In Western psychology, and thus Western history, triads dominate. (Perhaps this is a global phenomenon, a human trait, but I do not know.) Once is an event, twice is a repeat (or a coincidence), and thrice is a pattern; thus our ever-busy pattern-seeking brains love threes. After two, we anticipate the third thing and are either surprised or satisfied by its appearance or non-appearance. The Christian faith has an important triad, triplets and trios populate mythology and fiction, Schubert used triplets in his melodies. The sentence I just typed has three example/clauses. Trios make a sturdy, logical structure.

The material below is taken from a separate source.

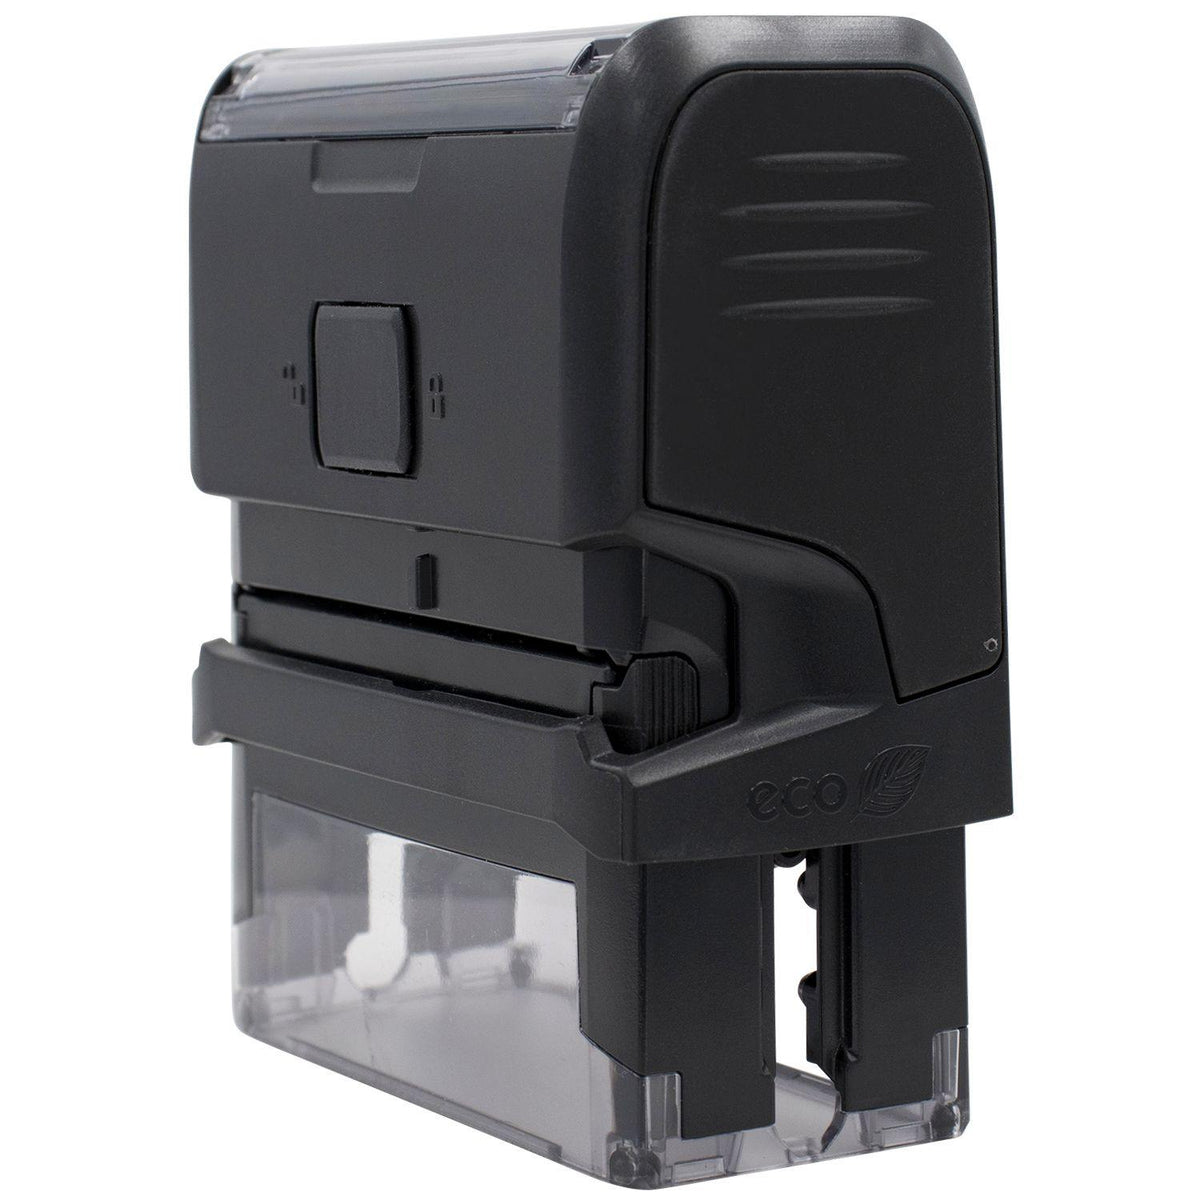 Large Self-Inking Paid with Ck No Stamp Stamp - Engineer Seal Stamps - Brand_Trodat, Impression Size_Large, Stamp Type_Self-Inking Stamp, Type of Use_Business, Type of Use_Finance, Type of Use_Office

Thesis, antithesis, synthesis. My writing is populated with lists of three examples or three incidents or three individuals. Or two things and a joke undercutting the importance of those two things. (Even my “serious” columns are structured like a joke: example, example, third example that provides a new perspective. Some of my most heart-felt sentences are basically punchlines to joke set-ups that are not intended to be jokes.)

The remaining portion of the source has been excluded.